THE MASTERPIECE
We reassess the greatest films of all time
Take that,
Bullitt! The iconic Second Street Tunnel chase.
Alamy, Getty Images
The Driver
AFTER MAKING HIS directorial debut with 1975’s bare-knuckle boxing/crime drama Hard Times, aka The Streetfighter, Walter Hill helped kickstart the modern action movie with his sophomore feature, transforming the simple story of an ace getaway driver and the cop after him into a lean, stylish, elegiac, high-octane thriller. “Suddenly the action movie was more adult,” Hill would recall of his inspiration. “You could make crime movies without cops, with criminals as protagonists. They were darker, less melodramatic, more influenced by Europe.”
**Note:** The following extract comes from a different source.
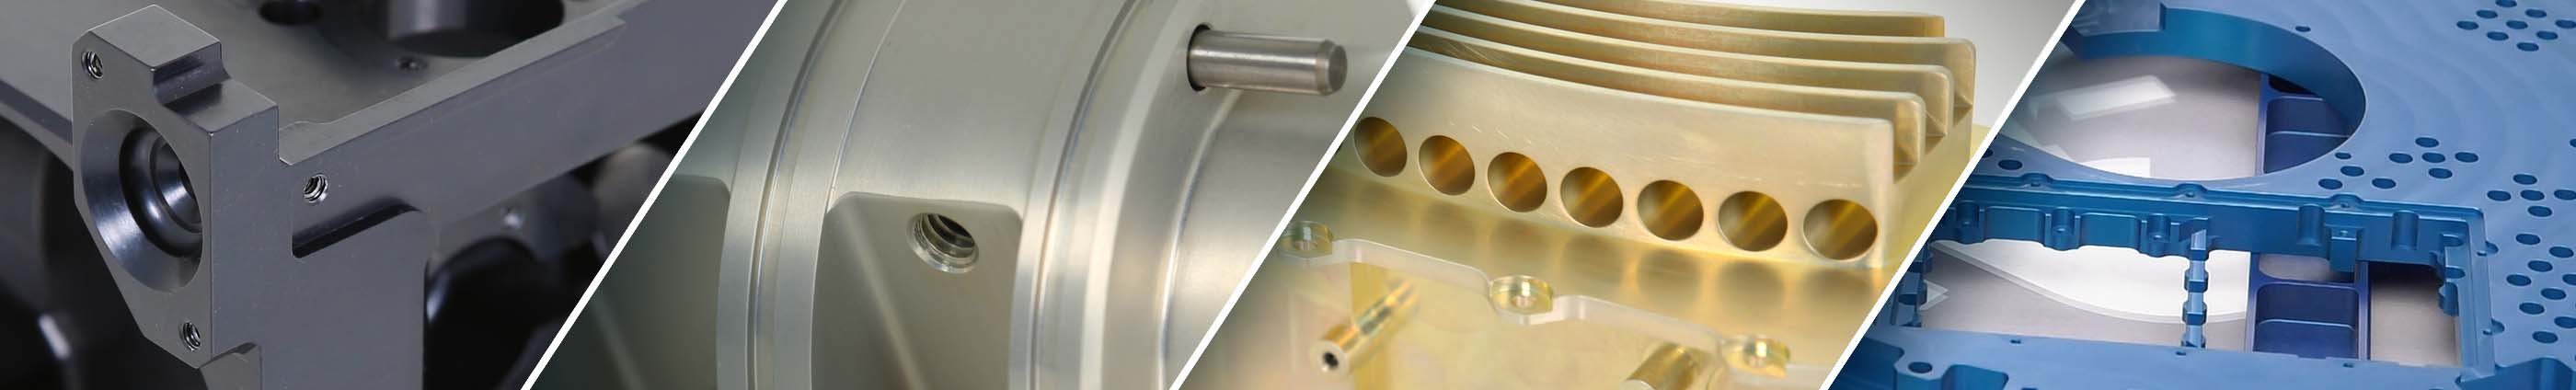 Precision manufactured parts in a range og metals and finishes

Hill had written The Driver with Steve McQueen in mind. But the Great Escape actor, who’d starred in Sam Peckinpah’s The Getaway, which Hill also scripted, passed, claiming he didn’t want to do “another car thing” after Bullitt. So Hill wound up with Ryan O’Neal, on a hot streak after Love Story, What’s Up, Doc? and Paper Moon; he had previously appeared in the Hill-penned The Thief Who Came To Dinner and was looking to stretch himself and break out of his romantic-comedy box. O’Neal saw The Driver as, well, the perfect vehicle for him.